Doch jeder, der ihn persönlich traf, spürte, dass er  einer historischen Persönlichkeit gegenüber stand.

 

Wie traf er diese Entscheidung? Wie er mir (und vielen anderen) erzählte, hätte er eine fast mystische Erleuchtung gehabt. Er war auf seinem Rückflug von einem Besuch beim rumänischen Herrscher, dem er zwei Fragen gestellt hatte. Kann man Menachem Begin trauen? Wird Begin in der Lage sein, seine Entscheidungen auszuführen?
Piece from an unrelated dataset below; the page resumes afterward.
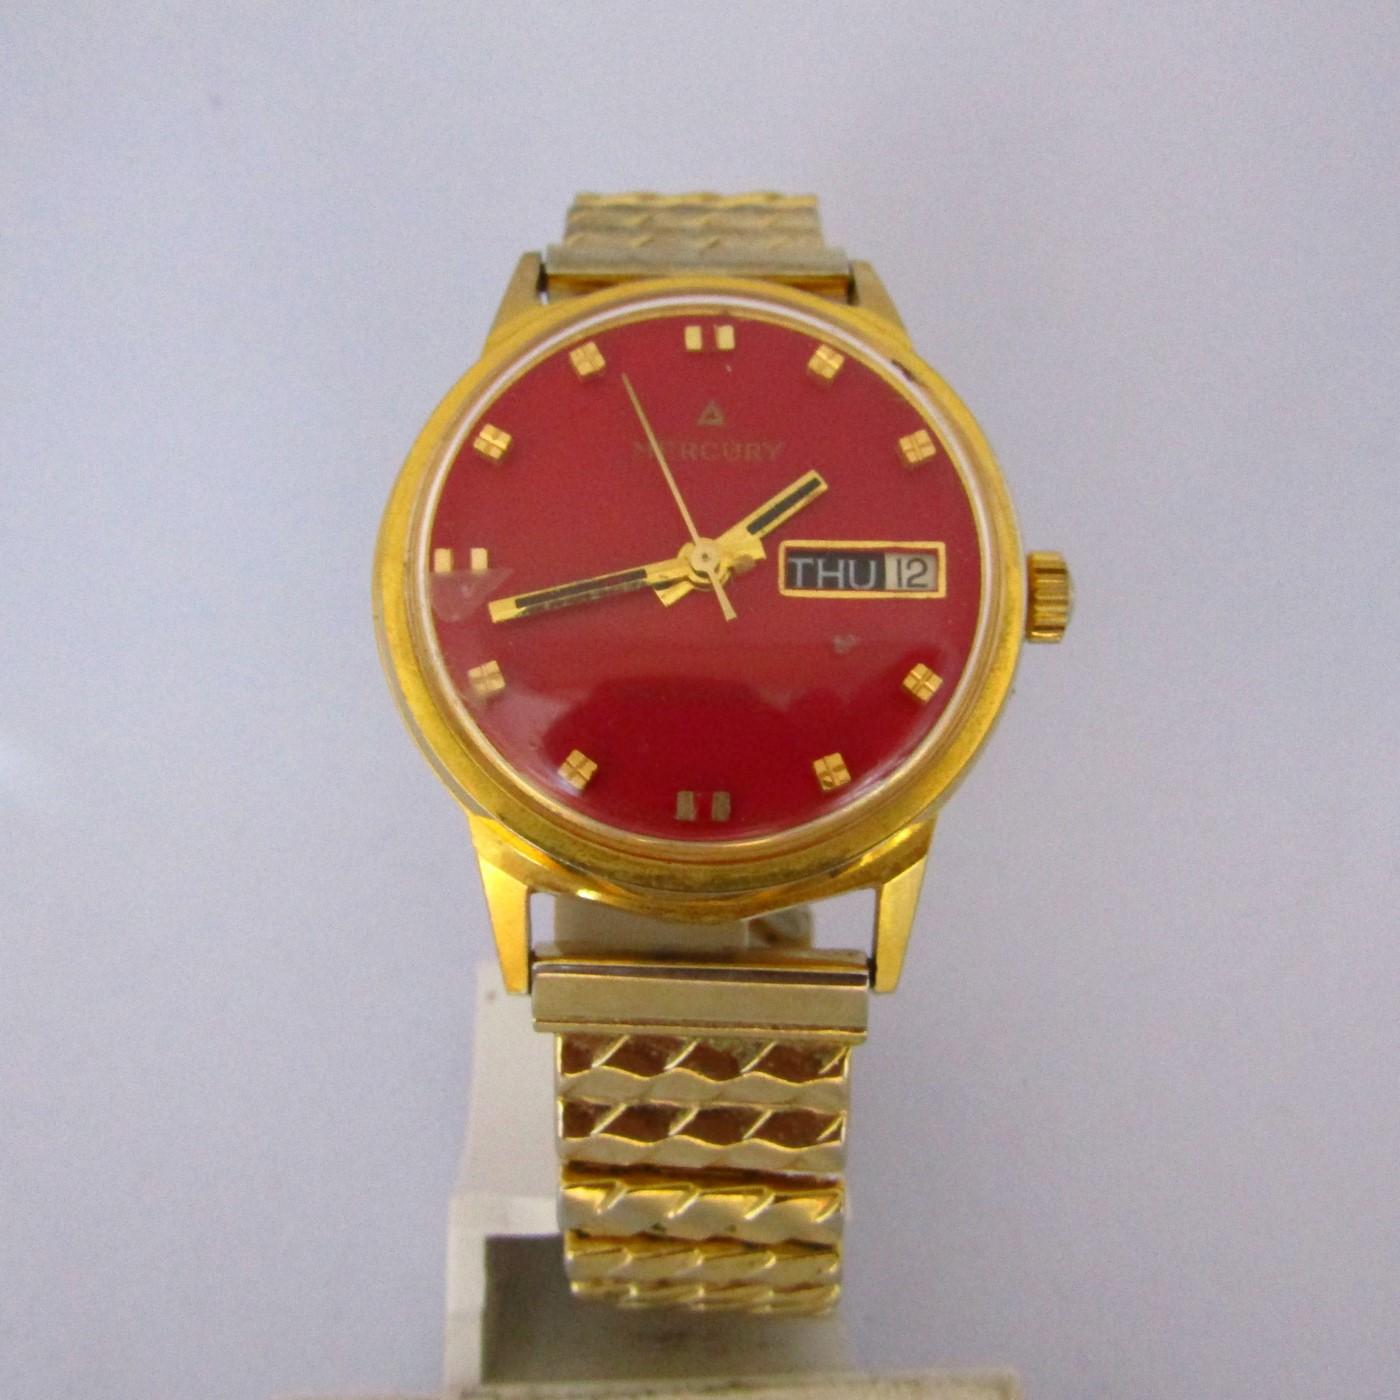 MERCURY LIFETIME MAINSPRING. Reloj de pulsera para caballero, Suiza, ca. 1980.
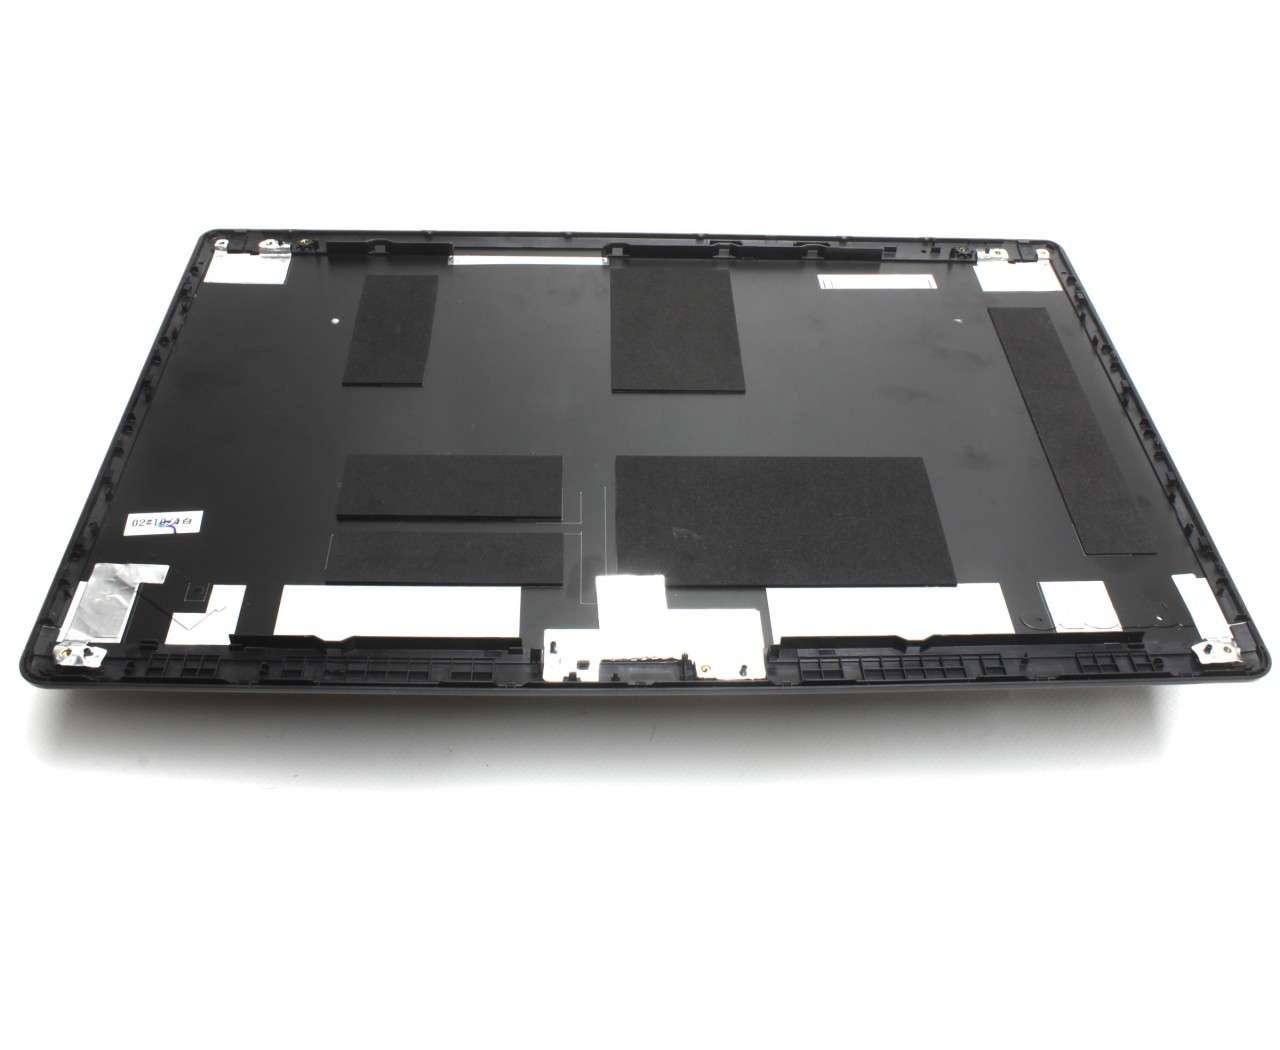 Capac Display BackCover Lenovo ThinkPad Edge E530 Carcasa Display Neagra imagine powerlaptop.ro 2021

Nicolae Ceaucescu beantwortete beide Fragen  bejahend.

 

Als er über den Berg Ararat in der Türkei flog, kam ihm auf einmal die Idee: warum nicht nach Jerusalem gehen und die Israelis  direkt  in ihrem Zu-Hause ansprechen?

 

Das ist eine nette Geschichte. Aber sie stimmt nicht ganz mit der Realität zusammen. Sadat war weder naiv  noch ein Glücksspieler. Bevor er diesen schicksalhaften Schritt tat, hielt er geheime Verhandlungen mit Begin ab. Der stellvertretende ägyptische Ministerpräsident Hassan Tohami wurde nach Marokko gesandt, um sich mit Moshe Dayan, Begins damaligem Außenminister, zu treffen. Dayan versicherte ihm unmissverständlich, dass Begin bereit sei, den ganzen Sinai  bis zum letzten Sandkorn zurückzugeben.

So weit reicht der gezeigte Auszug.